Вы не прогадаете, вам хорошо заплатят, - спохватившись, внушительно добавил
Жюльен.
И он тут же подтвердил свой внушительный тон, бросив г-ну Нуару золотую
монету.
Господин Нуару снова и на этот раз с еще большими подробностями изложил
все, что узнал про г-жу де Реналь, но о посещении мадемуазель Элизы не
заикнулся ни словом.
Это была низкая и поистине раболепная натура. Внезапно у Жюльена
мелькнула мысль: "Этот безобразный великан получает здесь три-четыре сотни
франков, не больше, ибо народу у него в тюрьме не так много; я могу
пообещать ему десять тысяч франков, если он сбежит со мной в Швейцарию.
Трудно будет только заставить его поверить, что я его не обману". Но когда
Жюльен представил себе, как долго ему придется объясняться с этим гнусным
животным, он почувствовал отвращение и стал думать о другом.
Вечером оказалось, что время уже упущено.
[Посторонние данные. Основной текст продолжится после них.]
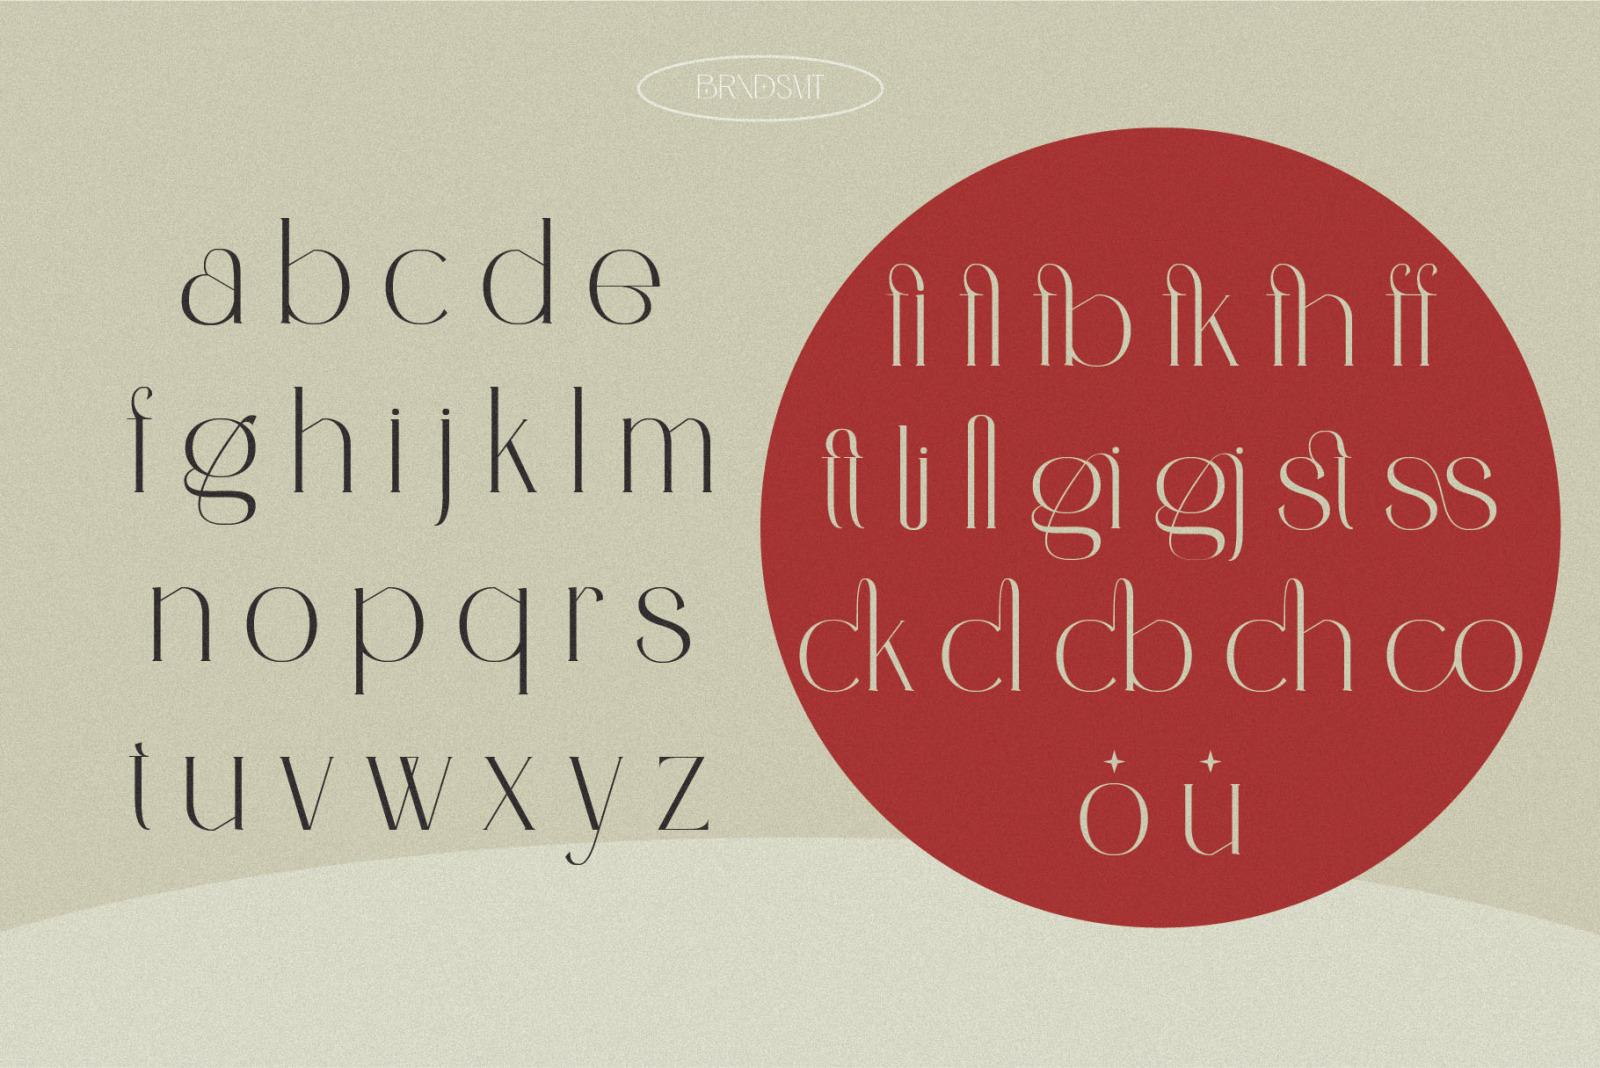 Cerlions - Classic Elegant Display Typeface

В полночь за ним приехала
почтовая карета и увезла его. Он остался очень доволен своими спутниками -
жандармами. Утром он был доставлен в безансонскую тюрьму, где его любезно
препроводили в верхний этаж готической башни. Приглядевшись, он решил, что
эта архитектура относится к началу XIV века, и залюбовался ее изяществом и
пленительной легкостью. Сквозь узкий просвет между двумя стенами, над
угрюмой глубиной двора, открывался вдали изумительной красоты пейзаж.
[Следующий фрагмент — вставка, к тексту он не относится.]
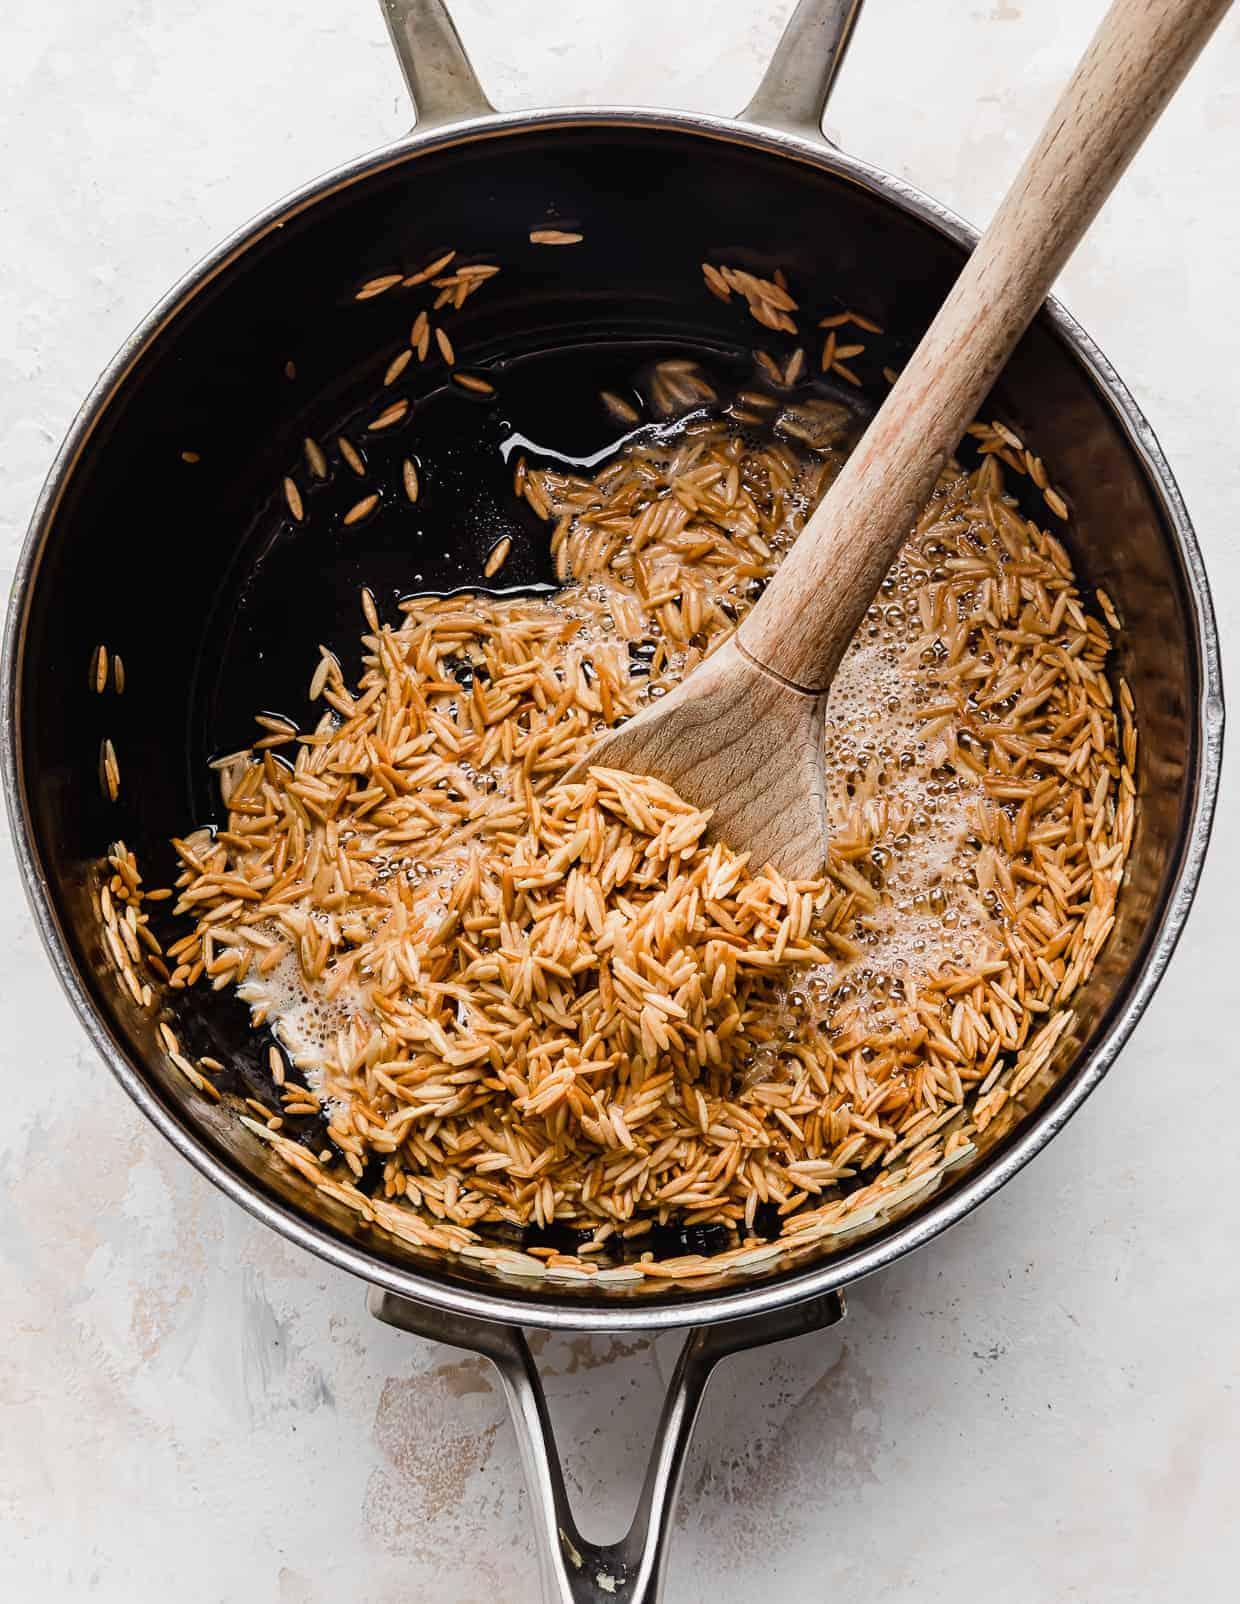 Golden brown orzo rice in a saucepan.

На следующий день ему учинили допрос, после чего несколько дней ему
никто не докучал. На душе у него было спокойно. Его дело казалось ему проще
простого: "Я хотел убить - меня следует убить".
Его мысль не задерживалась на этом рассуждении. Суд, неприятность
выступать перед публикой, защита - все это были какие-то досадные пустяки,
скучные церемонии, о которых будет время подумать, когда все это наступит. И
самый момент смерти также не задерживает его мысли: "Подумаю после суда".
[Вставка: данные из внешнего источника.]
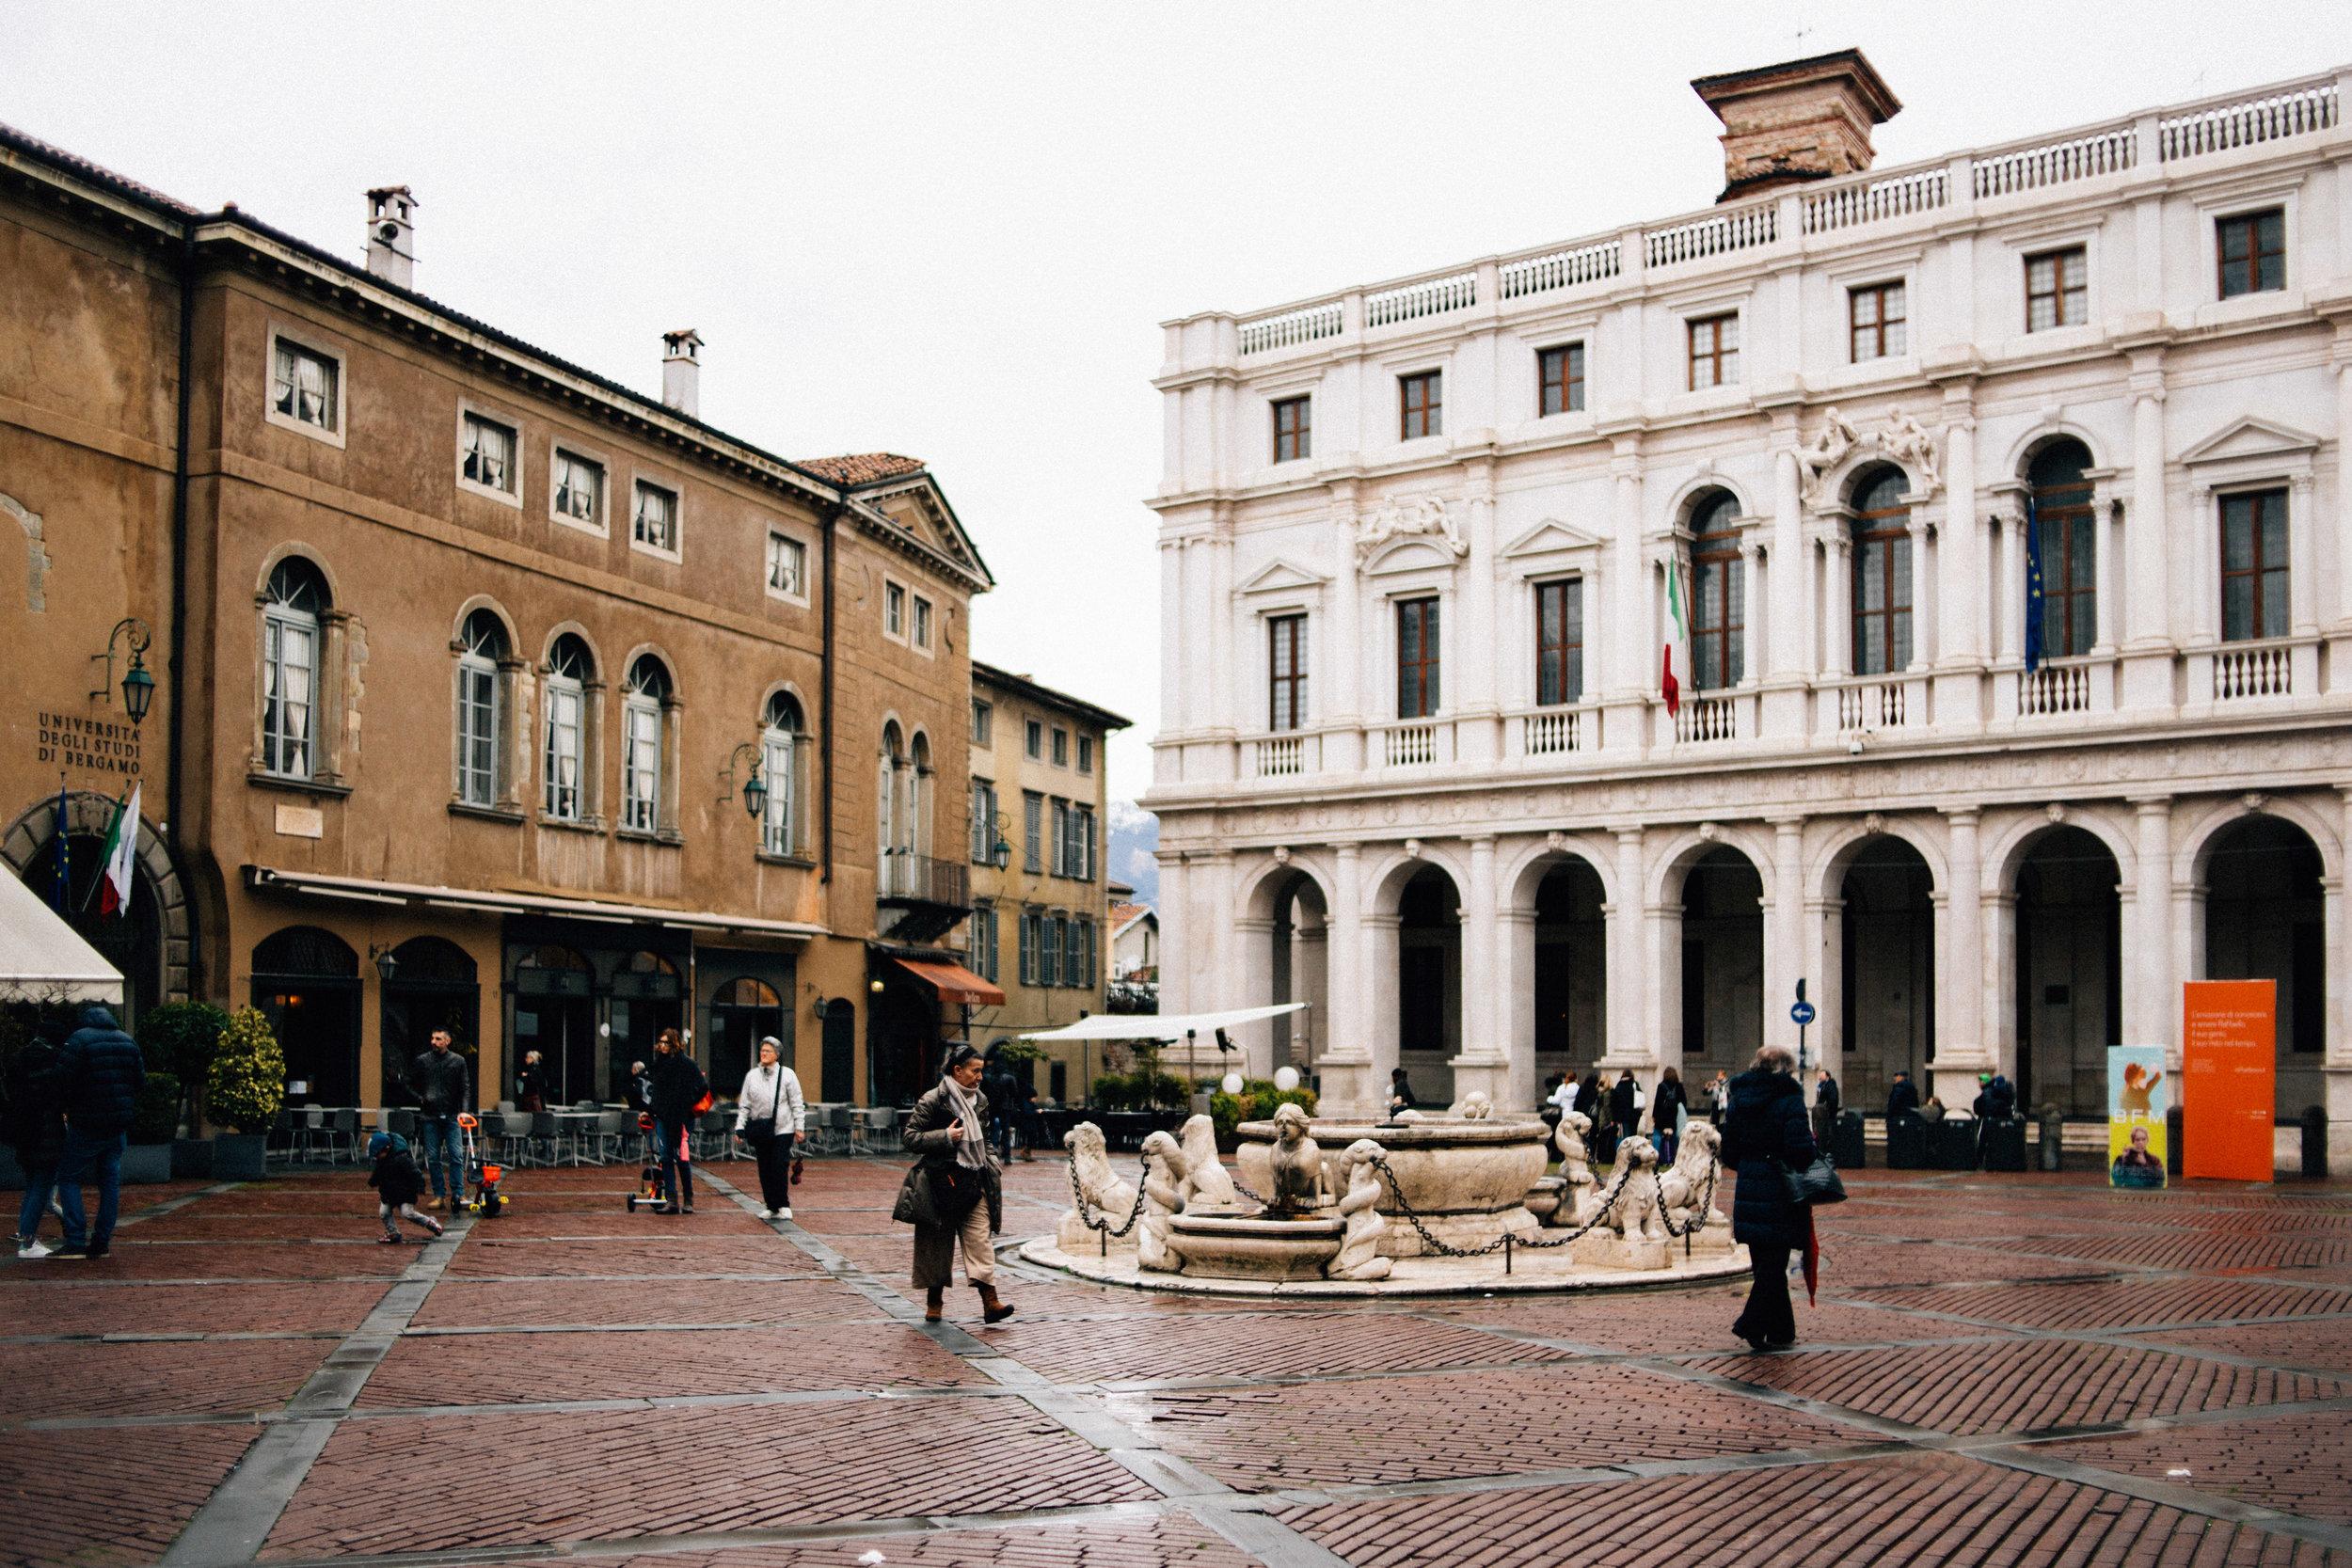 041 - Bergamo.jpg

Жизнь вовсе не казалась ему скучной, он на все смотрел теперь другими
глазами: у него не было никакого честолюбия. Он редко вспоминал о м-ль де
Ла-Моль. Он был охвачен чувством раскаяния, и образ г-жи де Реналь часто
вставал перед ним, особенно в ночной тишине, которую в этой высокой башне
прерывали только крики орлана.
Он благодарил небо за то, что рана, которую он нанес, оказалась не
смертельной. "Странное дело! - рассуждал он сам с собой. - Ведь мне
казалось, что она своим письмом к господину де Ла-Молю разрушила навсегда
счастье, которое только что открылось передо мной, и вот не прошло и двух
недель после этого письма, а я даже не вспоминаю о том, что так меня тогда
волновало... Две-три тысячи ливров ренты, чтобы жить спокойно где-нибудь в
горах, в местности вроде Вержи... Я был счастлив тогда. Я только не понимал
своего счастья!"
Бывали минуты, когда он вдруг срывался со стула в страшном смятении.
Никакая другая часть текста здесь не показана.